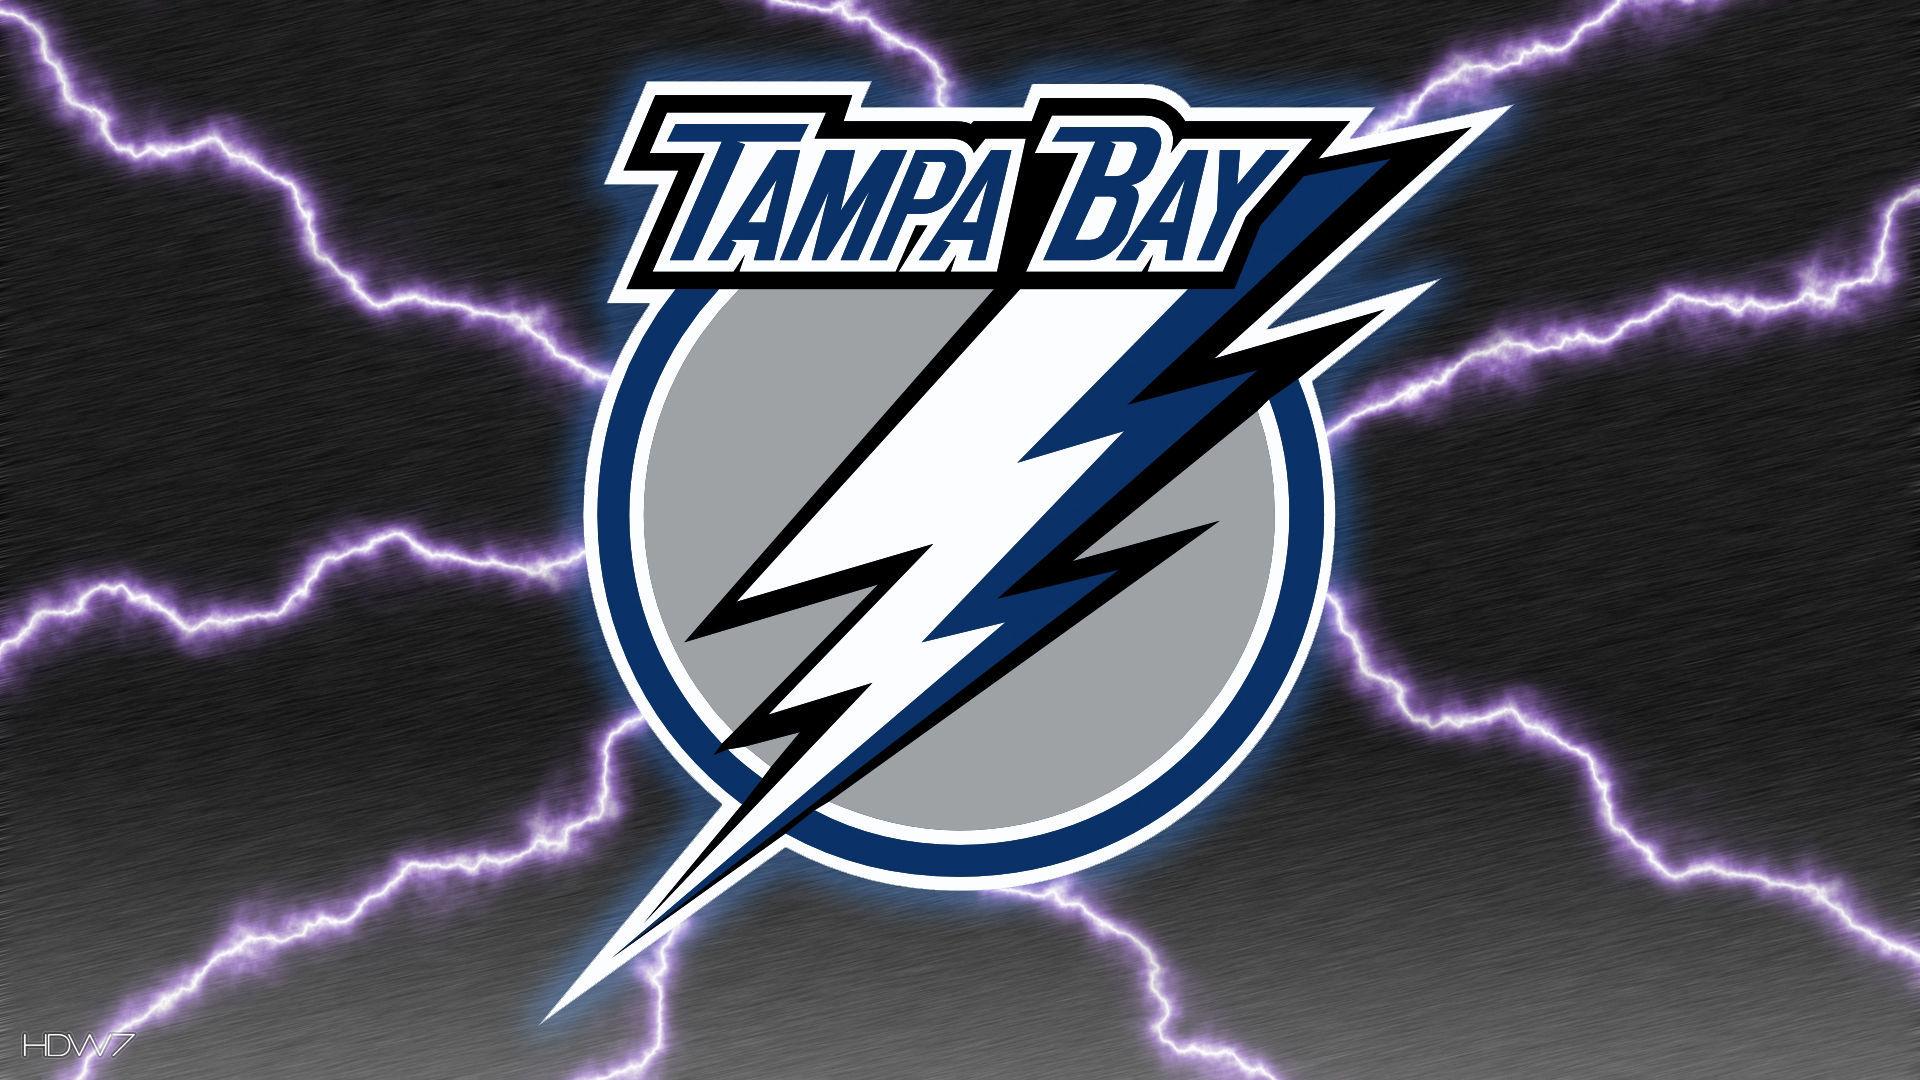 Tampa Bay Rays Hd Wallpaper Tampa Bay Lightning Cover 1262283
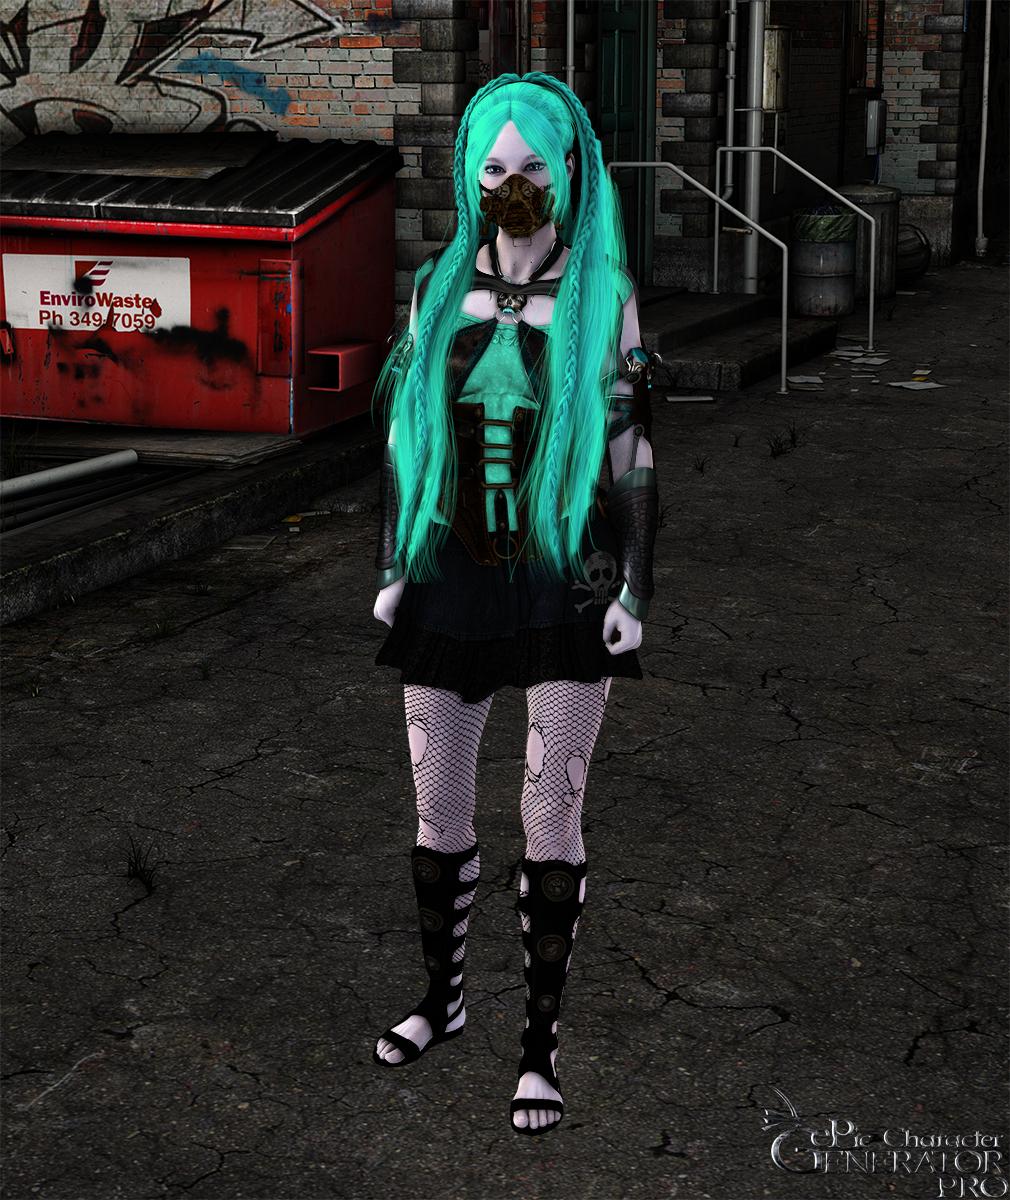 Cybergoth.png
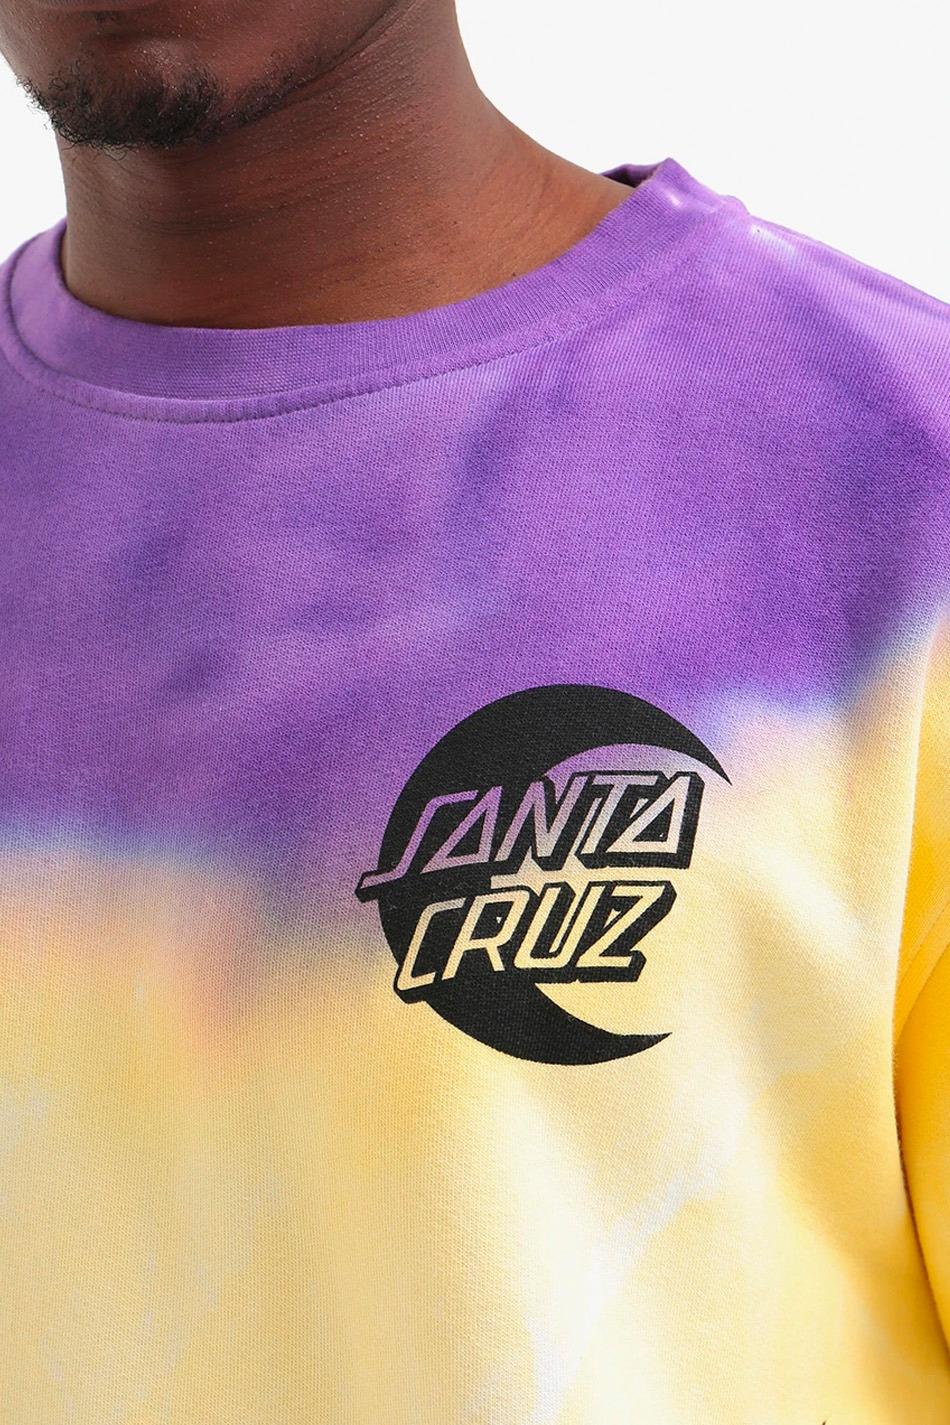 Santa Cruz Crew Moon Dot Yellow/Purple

----

• [Exercise aim]: Reproduce, exactly and with no pictures, the lines from the line containing "Cybergoth.png" through the closing line of the data above, keeping both ends.

• [Answer space]:
 Cybergoth.png
 Santa Cruz Crew Moon Dot Yellow/Purple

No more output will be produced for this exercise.